Although I would recommend a drive to Cape Cod, I wouldn’t recommend it on a weekend in the summer. The bachups for the Sagamore Bridge just getting onto the Cape are horrendus.
Do go to Franconia Notch. Even if you don’t take the challenging hiking trails, you can see the Flume, Houston Rock, Cannon Mountain, the Whirlpool, and The Place Where the Old Man of the Mountain Used to Be. You can also go to the restaurants and shops of placwes like Lincoln, NH.
Gas prices in Connecticut are way higher than in Massachusetts.
I’m partial to the North Shore, but I think you really have to go see Salem, Massachusetts. There’s a lot of preserved (and largely forgotten) history, the new Peabody-Essex museum is incredible, you can see places where Nathaniel Hawthorne worked and wrote about (House of the Seven Gables) and the hoopla surrounding the whole Salem Witchcraft stuff is not to be missed.
Do see the Freedom Trail in Boston – well worth it, and it’ll take you through downtown and past a lot of histoiric sites.
Despite all the changes recently wrought (most of the used bookstores – and some unused ones – are gone! Sob!), Harvard Square and Back Bay Boston are great walks through eccentric neighborhoods and odd shops.
See Mark Twain’s House in Hartford. They just added a museum!
See at least one “restored village” in NE – Mystic Seaport in Connecticut(19th century whaling village), Old Sturbridge Village in Sturbridge, MA.(19th century America), Plymouth Plantation in Plymouth Mass.(17th Century American settlement), Old Salem Village (several ages, and often neglected, in Salem, MA).
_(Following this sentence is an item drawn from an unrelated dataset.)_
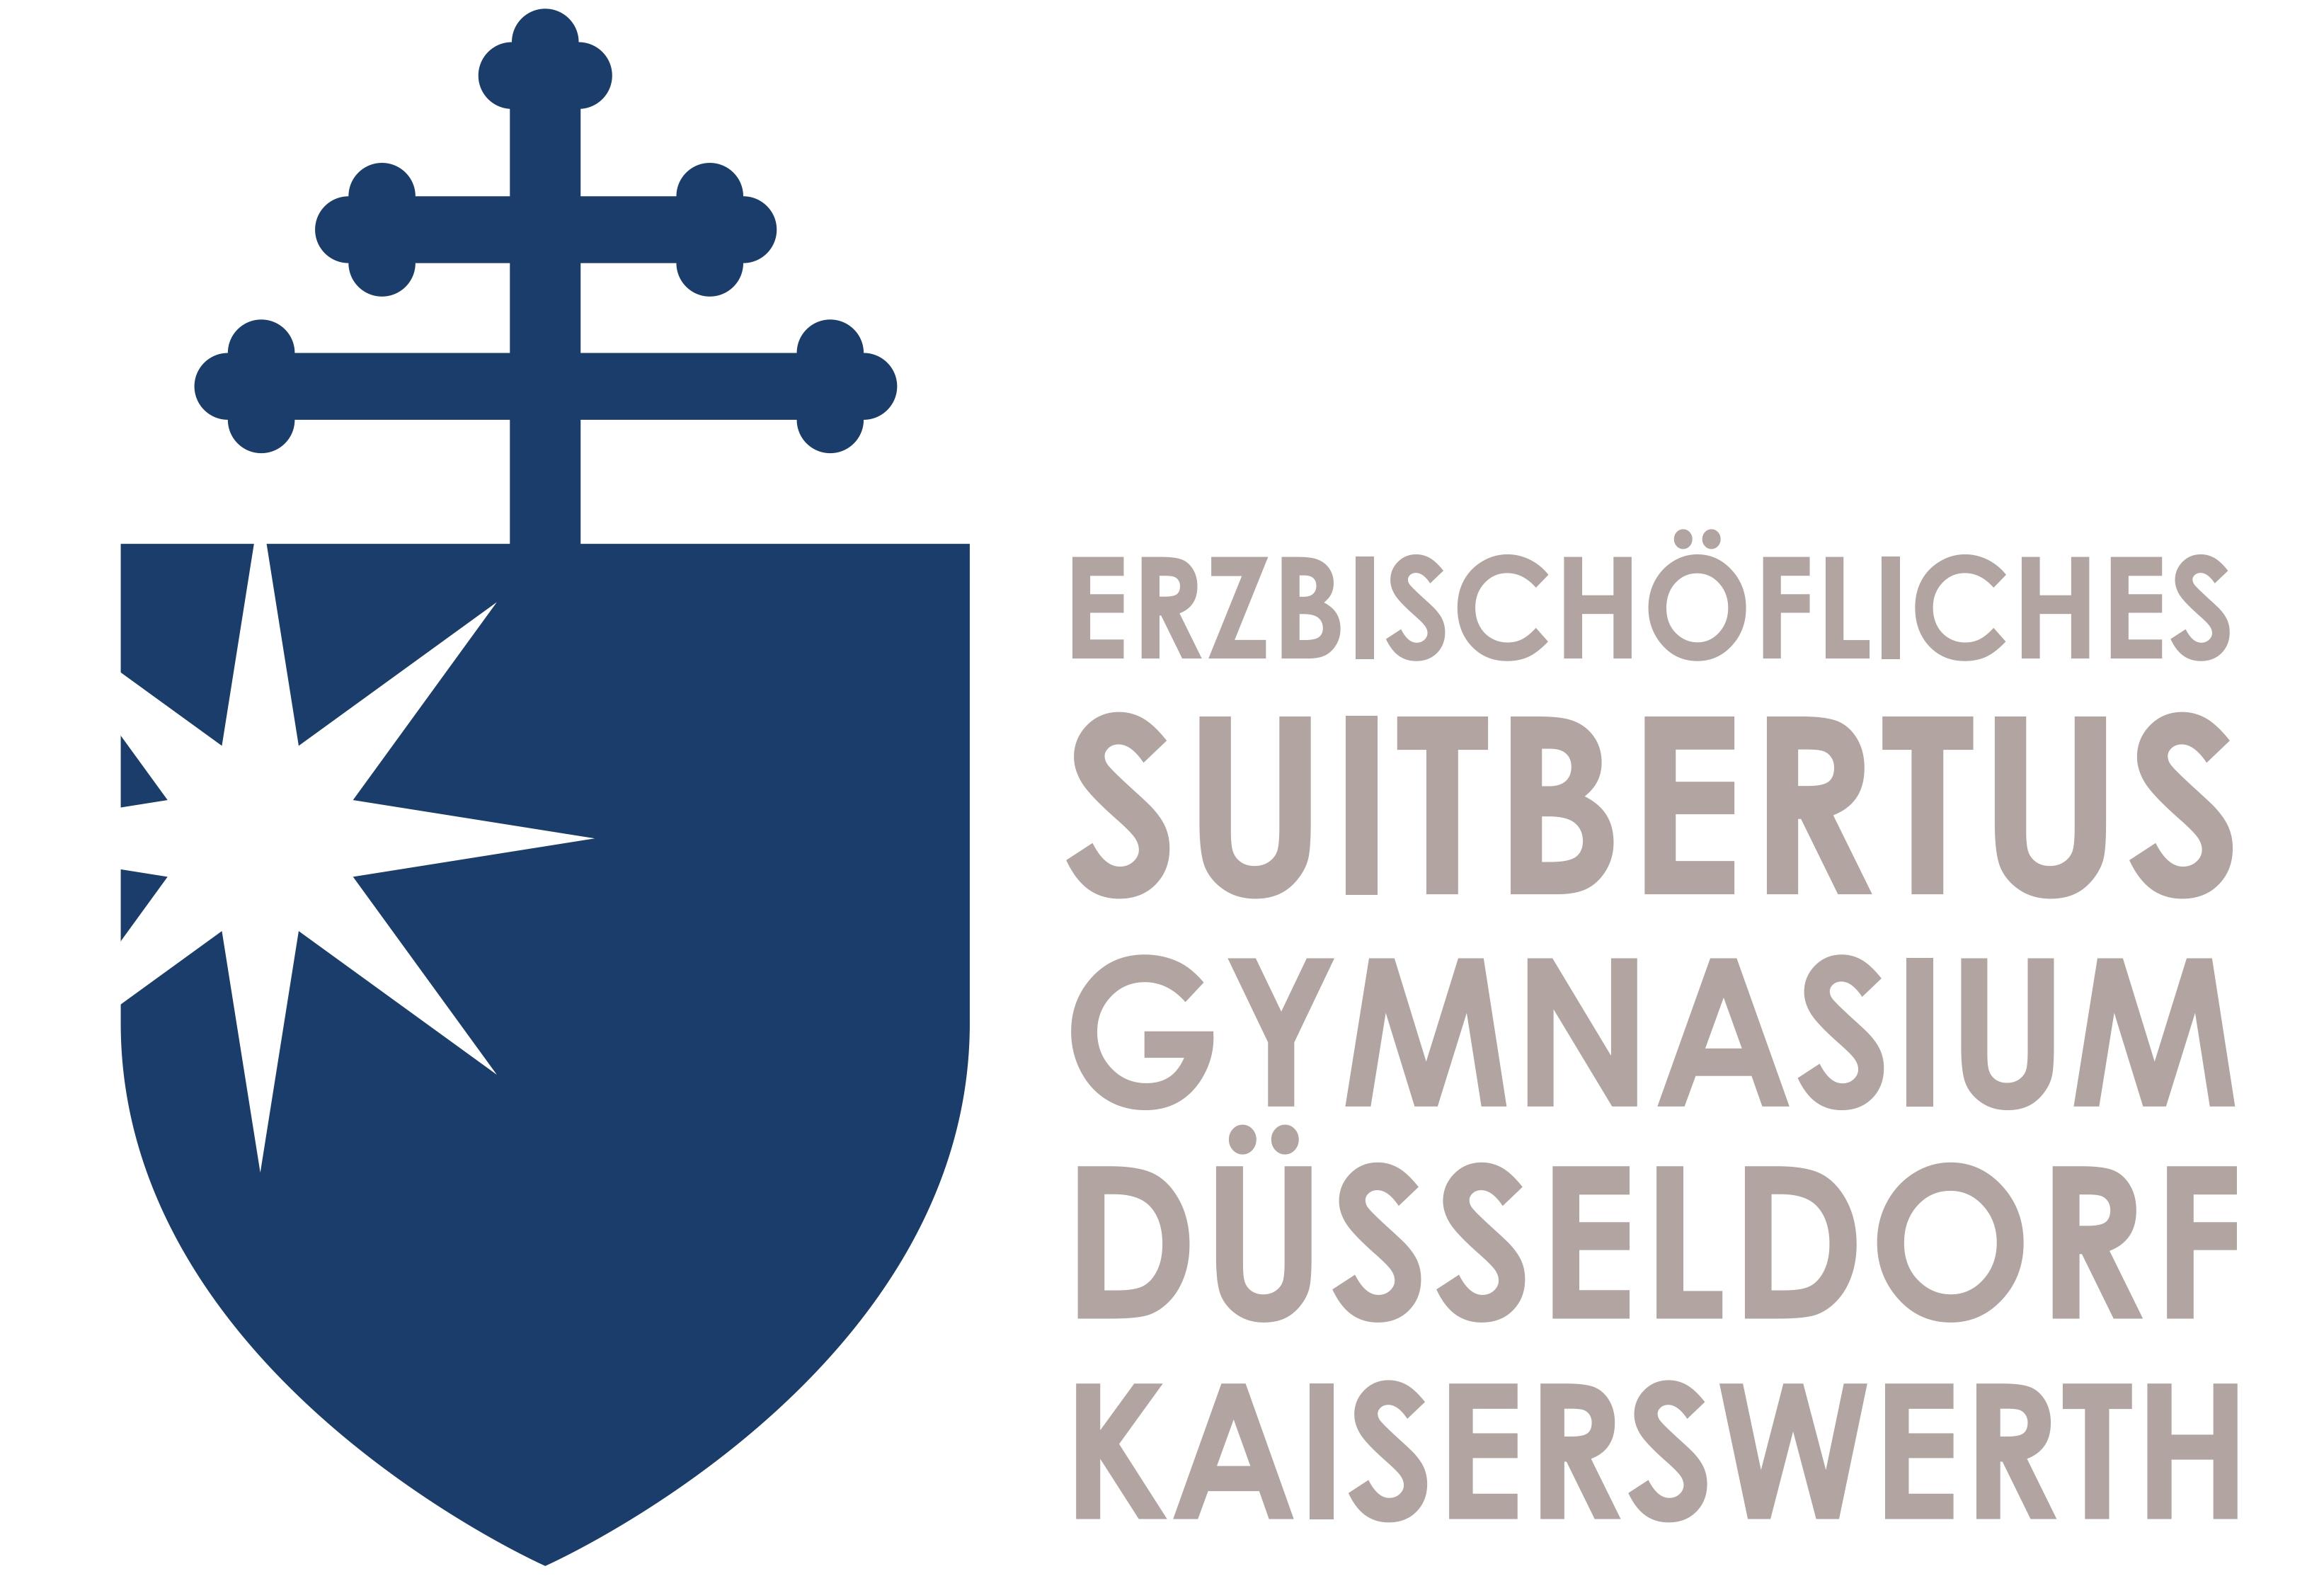 Erzbischöfliches Suitbertus Gymnasium Düsseldorf Kaiserswerth

Or see one of the Shaker Villages (Sabbathday Lake, Maine – the only one still active; Enfield Village in Enfield, New Hampshire; Canterbury Shaker Village in Canterbury, NH; Hancock Shaker Village in Hancock, MA, in the Berkshires (with its round stone barn), or Fruitlands Museum in Massachusetts, with bits of a Shaker Village, Indian stuff, and the remains of the Utopian Community started in the 19th century.